Traditionally at this time of year, Paul, a good friend of many years’ standing and I meet up for a new year beer when we can shoot the breeze, have a laugh and undertake to play golf together more frequently than we did in the previous twelve months. The tradition was continued earlier this week.

We’ve been doing this for more than two decades and every January, Paul spends at least 10-15 minutes complaining about work. And every year, my advice is: if you dislike it so much, why don’t you leave? His serial justifications for remaining where he is have been getting flimsier, but this week, he announced that he had taken the plunge and finally resigned from a job he had grown to hate.

“Why now,” I asked, delighted with his decision.

“Lockdown,” he replied, a period which had made him appreciate the value of his free time. He also decided that, even though he is triple-jabbed, by commuting into an office every day there was a chance he could be exposed to a new variant of Covid-19, so why take the risk.

“Will you get another job?” I enquired.

“Probably not,” he replied. “I cannot be bothered learning how to write computer code or trying to understand the machinations of social media and will definitely not miss the regular doses of woke nonsense that emanates from the personnel department.” I admire the way he continues to call HR the personnel department. “D’you know,” he concluded, shaking his head, “I’d just had enough.”

Paul is part of the nation’s ‘great retirement’ cohort, a body comprising tens of thousands of older workers (he’s 60) who have decided to leave the workforce on a permanent or semi-permanent basis. Over the course of the recent festive season, it’s almost certain that more folks have taken a similar decision and already handed in their notice.

Older people are mature enough to make up their own mind about such matters, but there are potential consequences for an economy already having to cope with serious labour shortages.

Recently, the Office for National Statistics reported that there were 180,000 fewer over-50s in work than there were prior to the pandemic’s emergence. It transpires that thousands of older people didn’t bother returning to work once the furlough scheme ended.
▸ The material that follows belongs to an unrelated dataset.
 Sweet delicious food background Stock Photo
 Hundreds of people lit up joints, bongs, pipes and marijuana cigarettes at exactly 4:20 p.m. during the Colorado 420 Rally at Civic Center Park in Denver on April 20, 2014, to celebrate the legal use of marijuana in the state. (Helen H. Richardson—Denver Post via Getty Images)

If those people have built up a suitably-sized pension upon which they can live and they want to retire, then good luck to them. However, as life expectancy continues to rise, a sustained period of labour shortages will have social consequences, not least the cost of health and social care which, for many, will become unaffordable.

Should, or could, the ‘great retirement’ be reversed?

Since the turn of the century, large numbers of people have been increasingly content to work well into the 60s and 70s, but the pandemic has changed older folks’ attitudes.

Economists, concerned about a burgeoning labour shortage, argue that workplaces could be made more appealing to older workers with initiatives such as paid grandparental leave or regular sabbaticals – six-month breaks giving wannabe travellers the opportunity to get away. Perhaps the easiest move would be to ban mandatory retirement ages. If people wish to continue working, then let them.

Several suggestions could gain traction, but there’s another way of tempting older people back to the workplace: explain the meaning of sequence risk.

Sequence risk is defined as the risk that the order of investment returns on your pension or other savings will turn out unfavourable.

We’ve all seen straight-line charts showing how annual returns of say, 3.5% on a pension pot will enable the pot’s owner to draw 4.0% from their pension every year.

Online calculators consistently reassure someone with savings of £150,000 that they can withdraw £6,000 a year and enjoy annual increases of 1.5% plus investment returns of 3.5% and still have £42,368 remaining 30 years later.

Unfortunately, life doesn’t follow a straight line; it tends to be unpredictable as the pandemic and financial meltdown of 2008 have highlighted. These are not one-off incidents either and if one of them occurs early in retirement (sequence risk) and the value of your savings plummets, drawing a regular 4% could become a pipe dream.

Economists are right to suggest the workplace could become a more attractive place for older people, but the very real prospect that they will encounter some form of sequence risk during retirement should be sufficient to encourage people to work, even part-time, for as long as they can.